_WHAT THE EXERCISE ASKS_
Repeat nothing but the line that contains "Avant Garde - Acid" and the lines after it, through the end of the listing, exactly as they stand; omit pictures.

_DATASET CONTENT_
*** Begin section ***

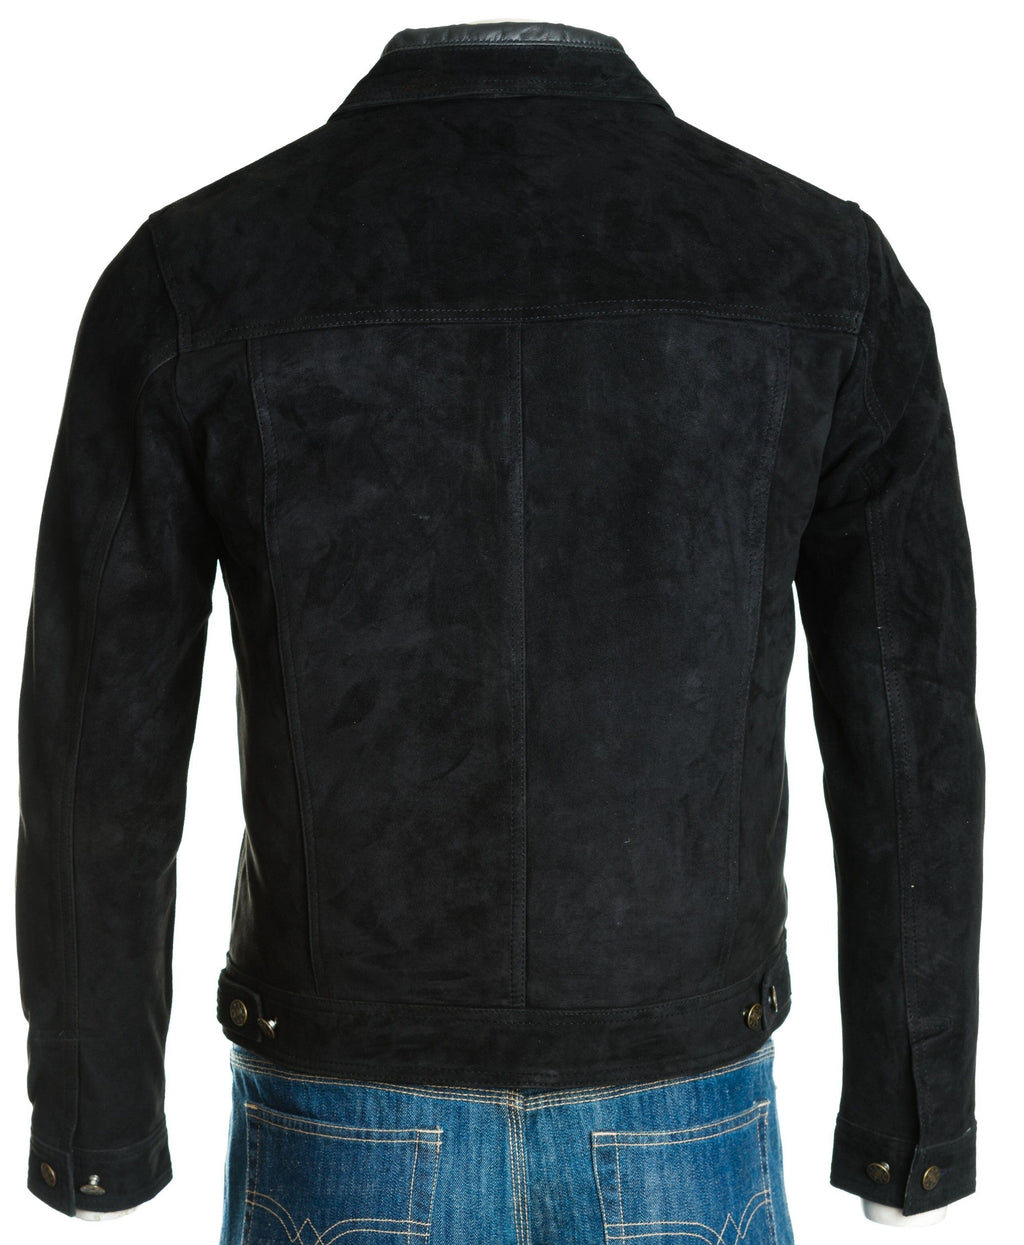 Men's Black Denim Shirt Style Suede Jacket: Antonio
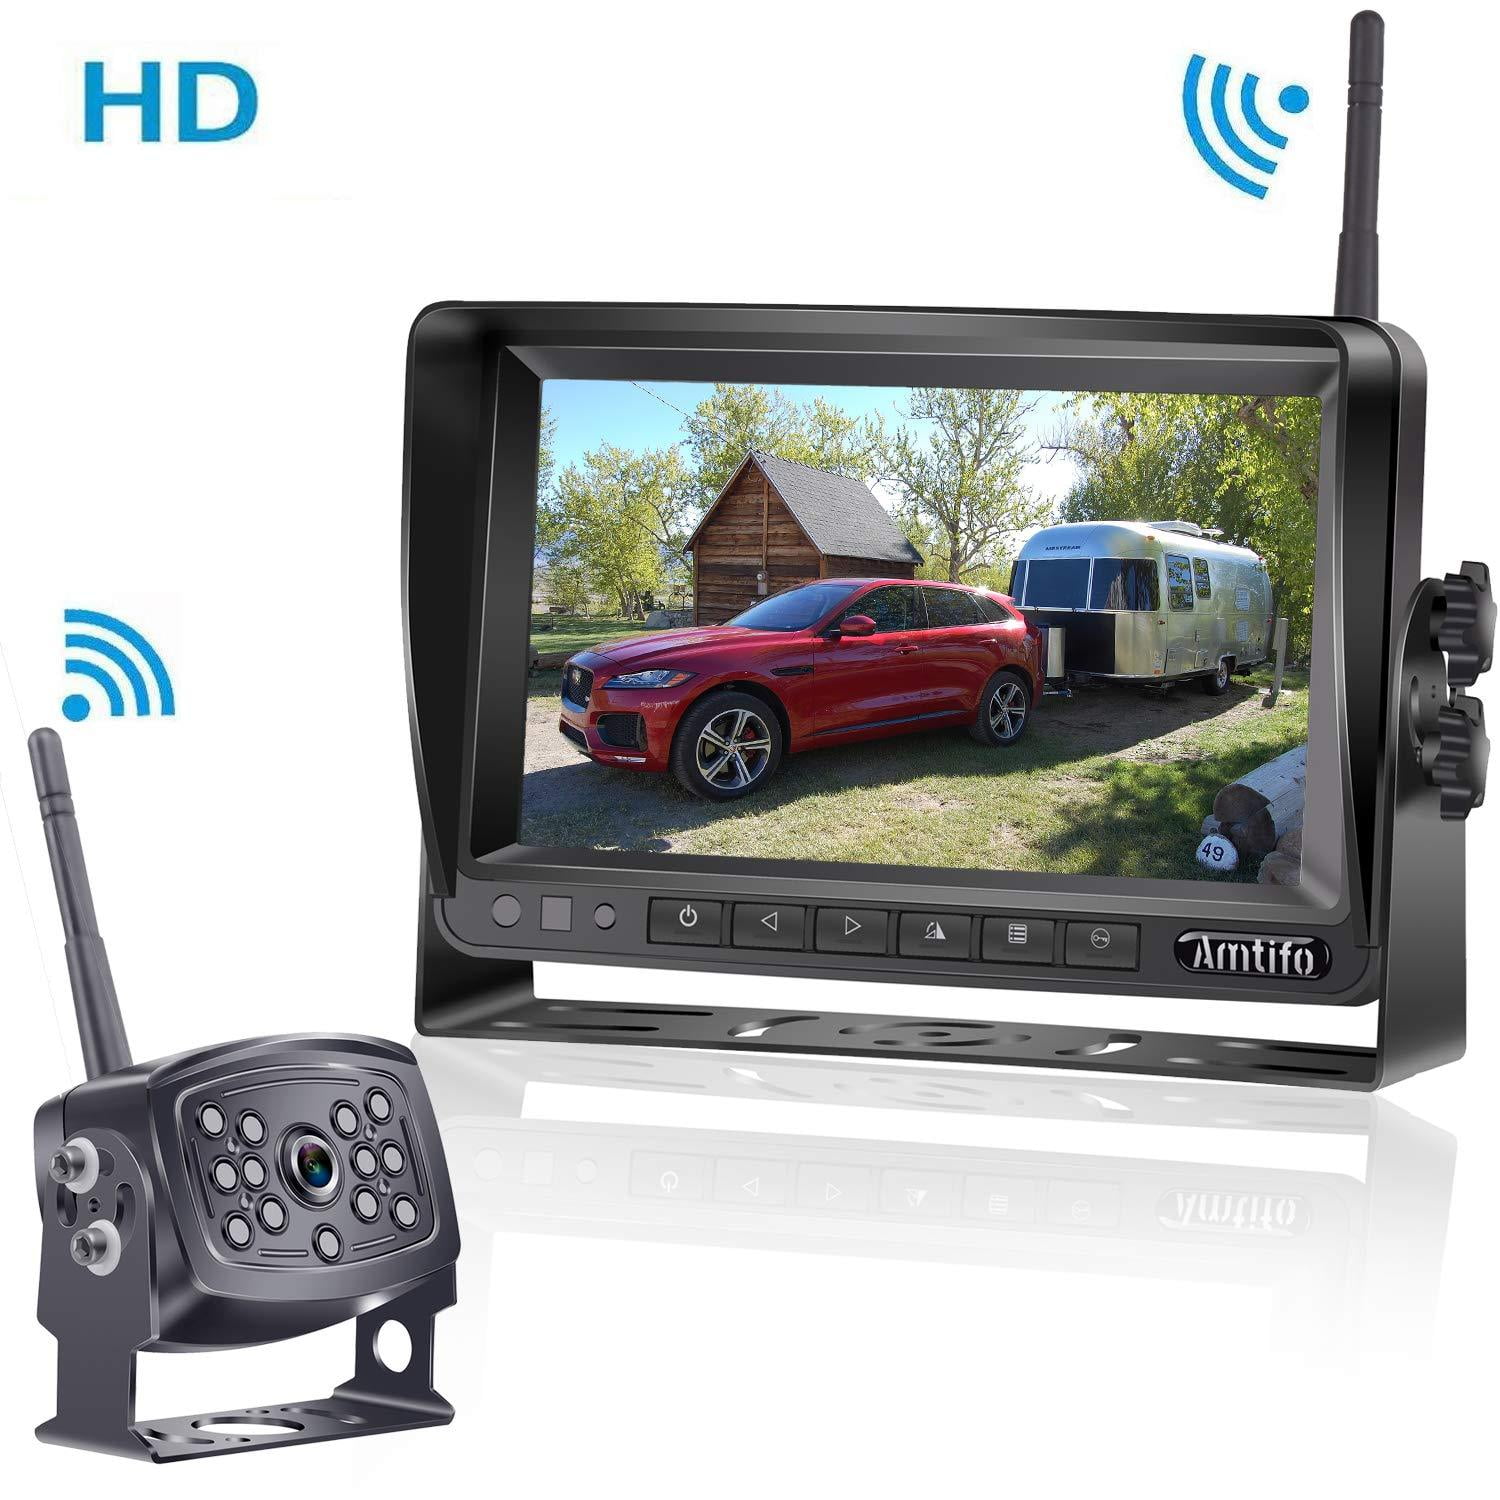 AMTIFO HD 960P Digital Wireless Backup Camera with 7 Inch Monitor for RVs,Trucks,Trailers
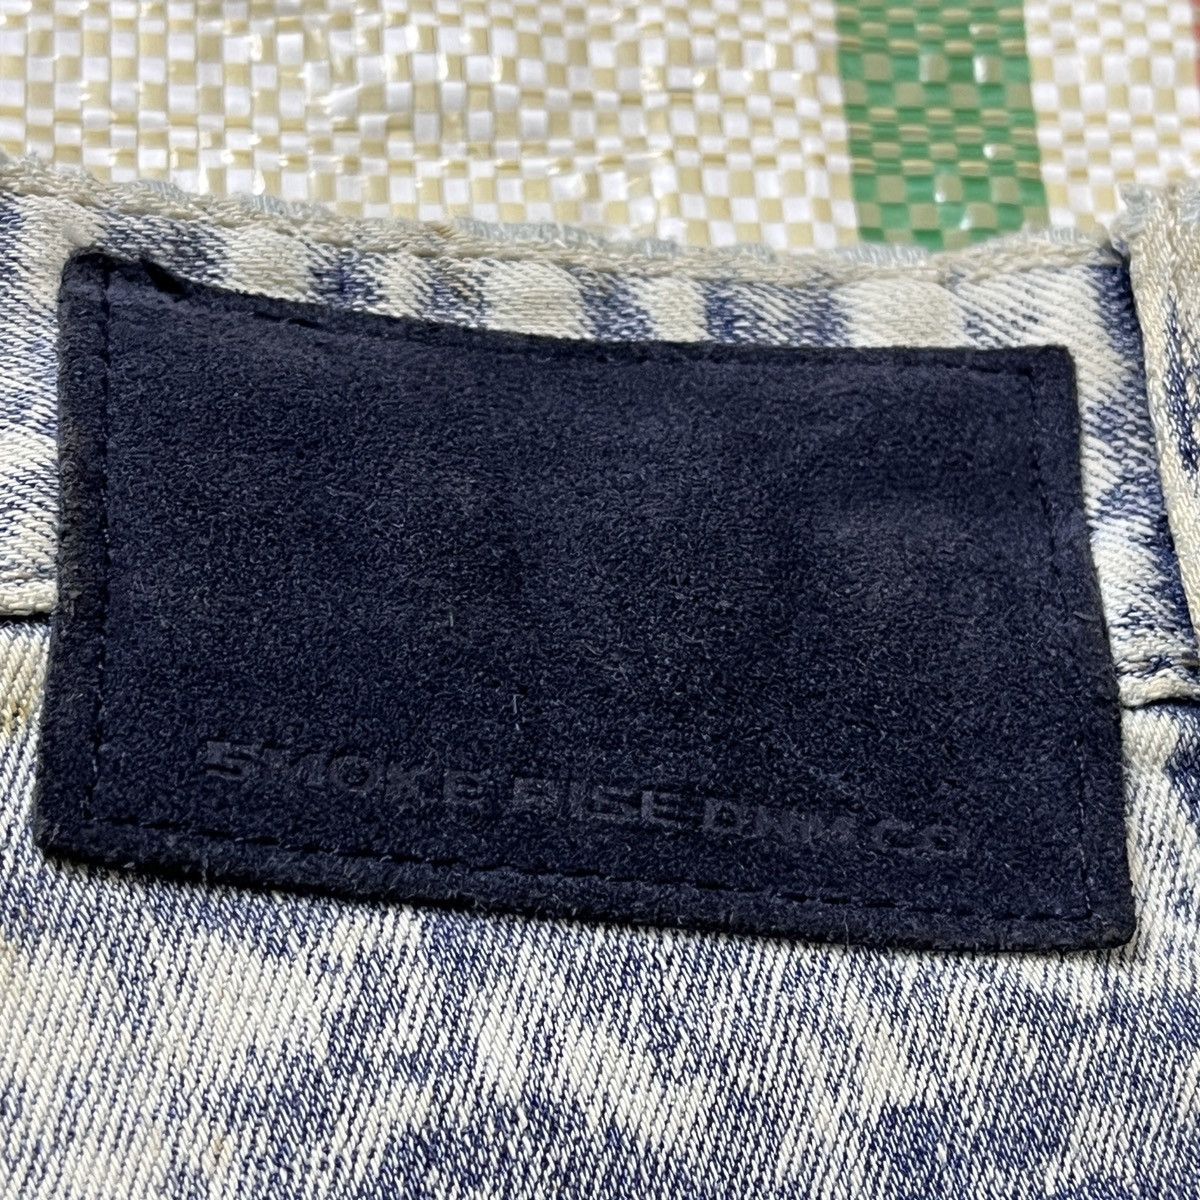 Avant Garde - Acid Wash Distressed SMOKE RISE Denim Jeans Japan - 17
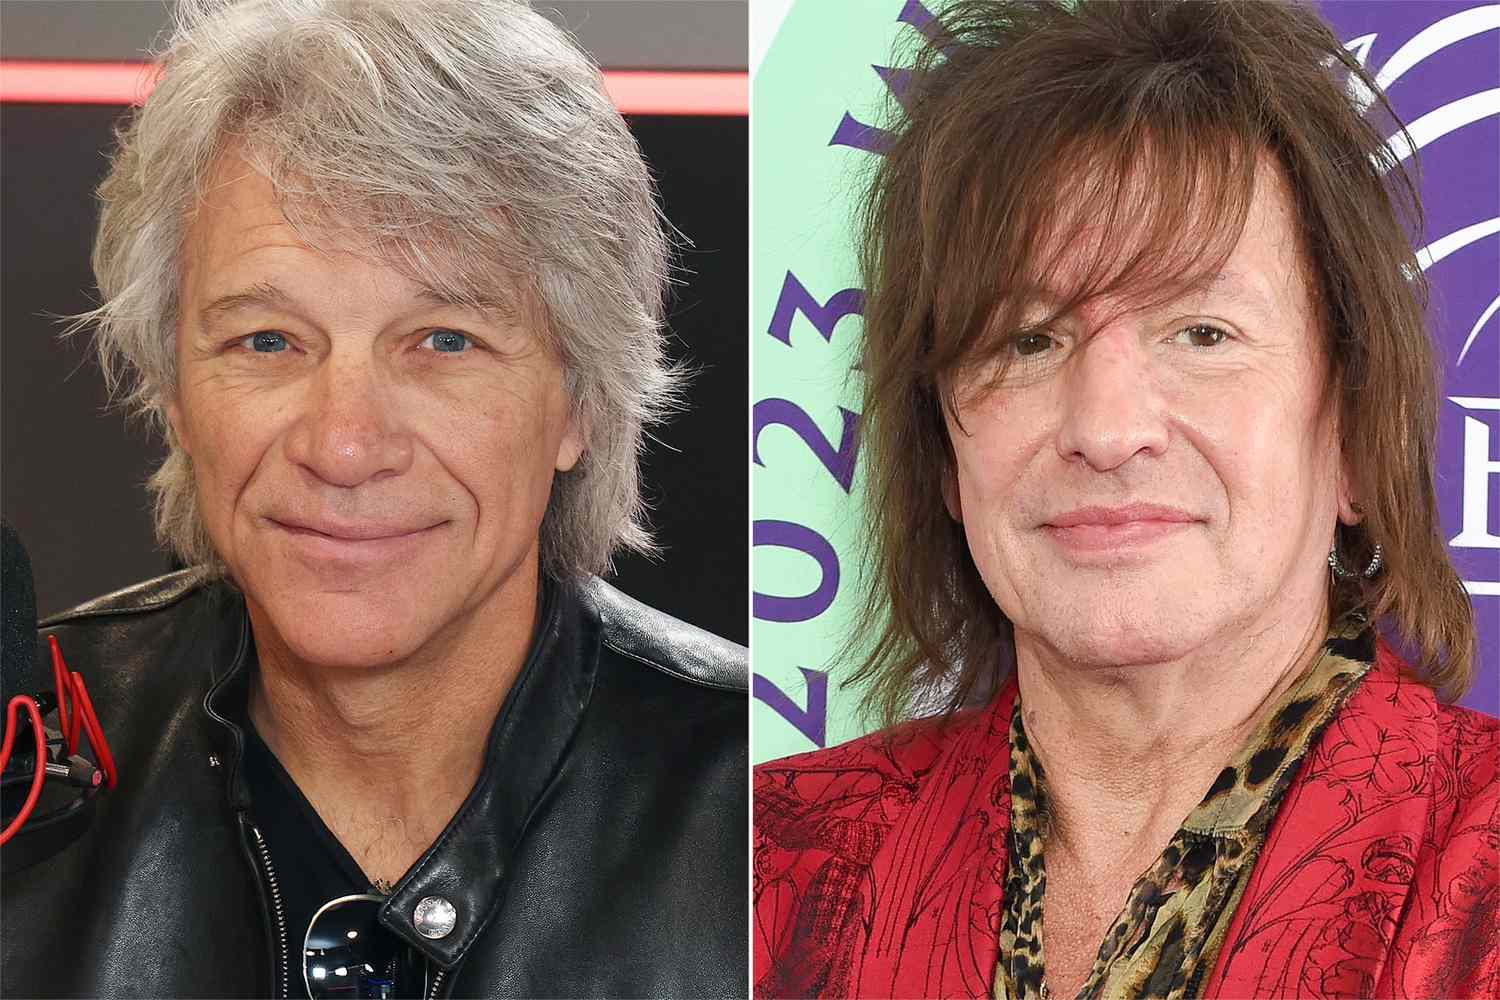 Jon Bon Jovi addresses Richie Sambora possibly returning to Bon Jovi: 'The band goes on, you know?'

*** End section ***

_YOUR SOLUTION_
 Avant Garde - Acid Wash Distressed SMOKE RISE Denim Jeans Japan - 17
 Jon Bon Jovi addresses Richie Sambora possibly returning to Bon Jovi: 'The band goes on, you know?'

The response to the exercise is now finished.